Riccitiello: Investors need to “catch up” with EA, SWTOR “solid, successful, profitable”

Wednesday, 9th May 2012 23:55 GMT By Brenna Hillier

EA’s stock took a bit of a beating in the wake of its financial briefing earlier this week, but CEO John Riccitiello says investors are behind the times.

“I think investors are eventually going to catch up with the company,” he told CNBC’s Mad Money.

“We’ve beat our guidance on the top line, came in at the every high end on APS, and guided a 38% APS growth in the coming year, after launching a whole bunch of blockbusters.

“So: Nothing to apologise for. I think it’s good now; [when] it gets better, investors are gonna see it.”

Host Jim Craner suggested investors had become more excited about the success of Star Wars: The Old Republic than was justified, and are disappointed as a result, a sentiment Riccitiello agreed with.

“When we originally started the franchise, our plan was to break 1 million subscribers. Our investment case was 1.2 million. We told the street yesterday we’re at 1.3 million,” he said.

“We happened to have an earnings call right in the launch period, where we hit 1.7 million,” he added, ruefully. “We have an obligation to tell them the facts. Realistically, I think it’s a solid success.”

Riccitiello reiterated comments from his the investor briefing in which he stressed that EA never planned for The Old Republic to ourperform its top five franchises, like FIFA and Madden.

“Some people are treating it like it’s the only thing that matters. For what it’s worth, it’s a solid, successful, profitable franchise,” he concluded.



  1. TheWulf

    This just seems like it’s talking big for morale, but really, it just makes them seem scared. It’ll be interesting to see what the future holds for EA.

    #1 3 years ago
  2. Kabby

    No it won’t.

    #2 3 years ago
  3. endgame

    So they took one of the best movie franchises and one of the best gaming franchises and somehow, against all odds, made nothing more than a mediocre game, which you have to pay to play.. Impressive feat EA/Bioware!

    #3 3 years ago
  4. TheBlackHole

    I quite like JR – he’s done a lot of good things at EA.

    #4 3 years ago
  5. GrimRita

    When was the last time EA actually made a FULL YEARS profit?
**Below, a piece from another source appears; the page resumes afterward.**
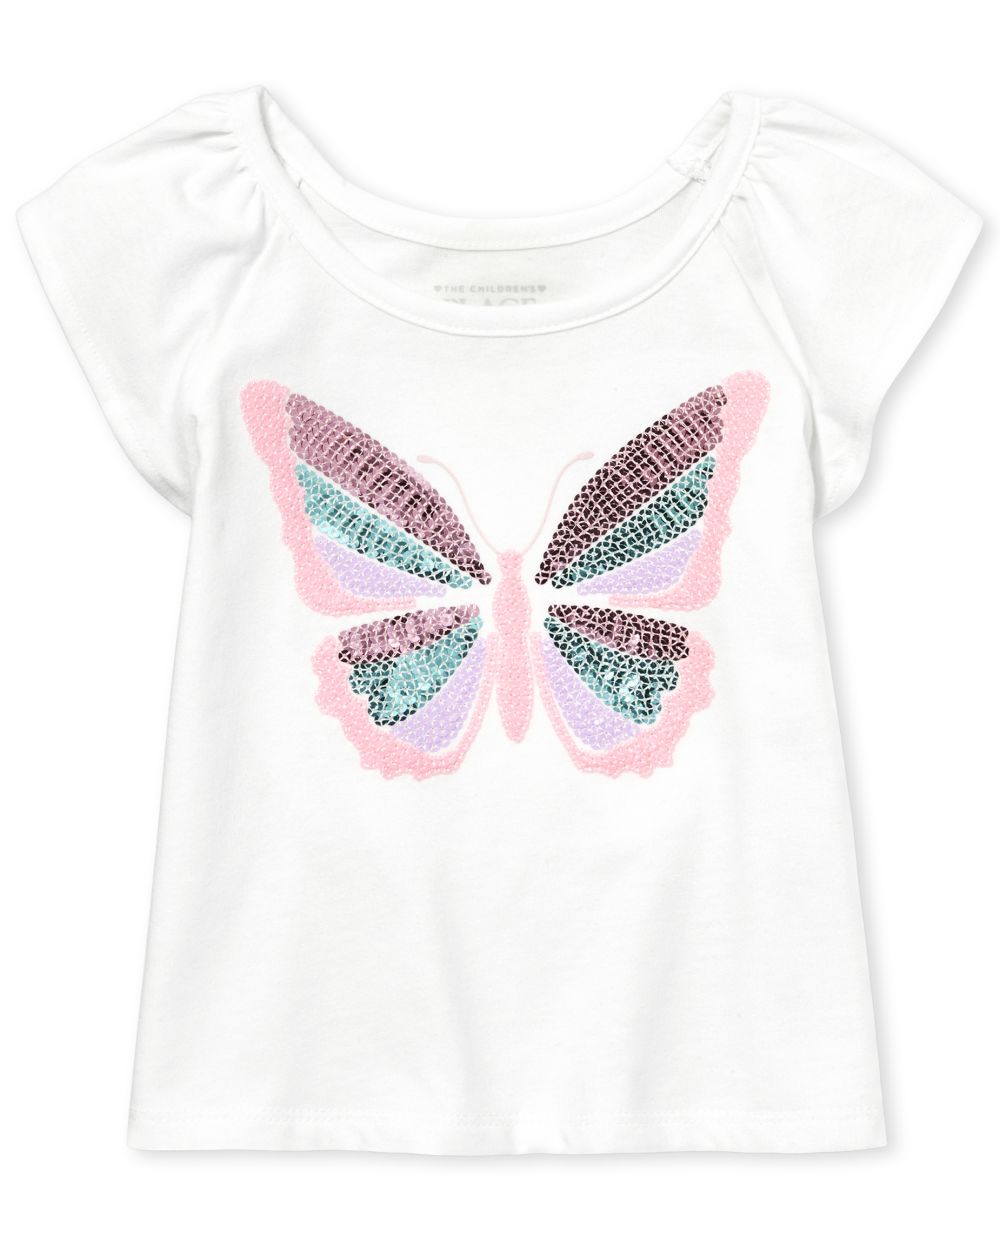 Baby And Toddler Girls Short Sleeve Embellished Graphic Top

Q4 is always the main one, as almost all their titles come out in the same period.

    I think JR misses the point with SWTOR. Investors have a right to be worried – if any game loses almost 700k of players in since launch, I would be worried.

    It might of had the ‘most successful launch’ but it must claim the crown as the ‘biggest freefall of user base since launch’ as well. And if their almighty 1.2 patch wasnt enough to increase interest, they are fucked

    #5 3 years ago
  6. viralshag

    While I’m not one of the EA-haters (they’re actually my favourite pub), this seems a silly thing to say. You’re saying your investors are behind the times?

    Based on how quickly you are hemorrhaging subs you should easily see that TOR can be put in the same list as WAR and AoC. And these days the first six months are extremely telling for an MMO, you’re most likely never going to see a higher number of subs than you did at launch and you most likely will continue to lose subs until only the die-hard remain.

    That is of course if they remain as a sub-based MMO. If they go F2P, then we will see the usual “news” that “Hey, our active users just went up by like 300%!!!” and then never hear anything again because at that point the game just ticks over with an occasional content update.

    I reckon subs will level out at about 700-800k, if that. If they can turn a profit from that this will never go F2P. How long did it take before WAR went F2P? Thinking about it… did it ever?

    #6 3 years ago
  7. DSB

    @6 Nail on the head.

    I think it’s too early to pronounce SWTOR as WAR: Part 2, but I think it’s obvious that it’s not going to be a WoW killer, or even a WoW heir, which was always the intention. It’s the most expensive game that EA ever did, costing astronomical amounts, so even if it sits comfortably making a modest profit, that’s still not going to be hitting the target.

    I wouldn’t be surprised if it rallied to around the 1.5 million mark, but then it could easily go the other way as well.

    WAR crashed to 300.000 pretty early, so that was arguably a bigger disaster, but the interesting is that EA did the exact same thing they’re doing now. Everything was fine on the outside, while Mythic were being torn apart from the inside. There were quite a few articles written on the subject.

    I don’t think it’s a lot of fun to be a studio that isn’t delivering to someone like EA.

    @5 Currently they’re buying up everyone, which is pretty normal behaviour for EA until the bubble pops and it’s time to fire most of them again. The fact that you aren’t making a profit doesn’t mean that you aren’t adding value though.

    Personally I think it’s a totally irresponsible way to run a business, and especially to treat other human beings, but they’ve been doing it for the better part of two decades now.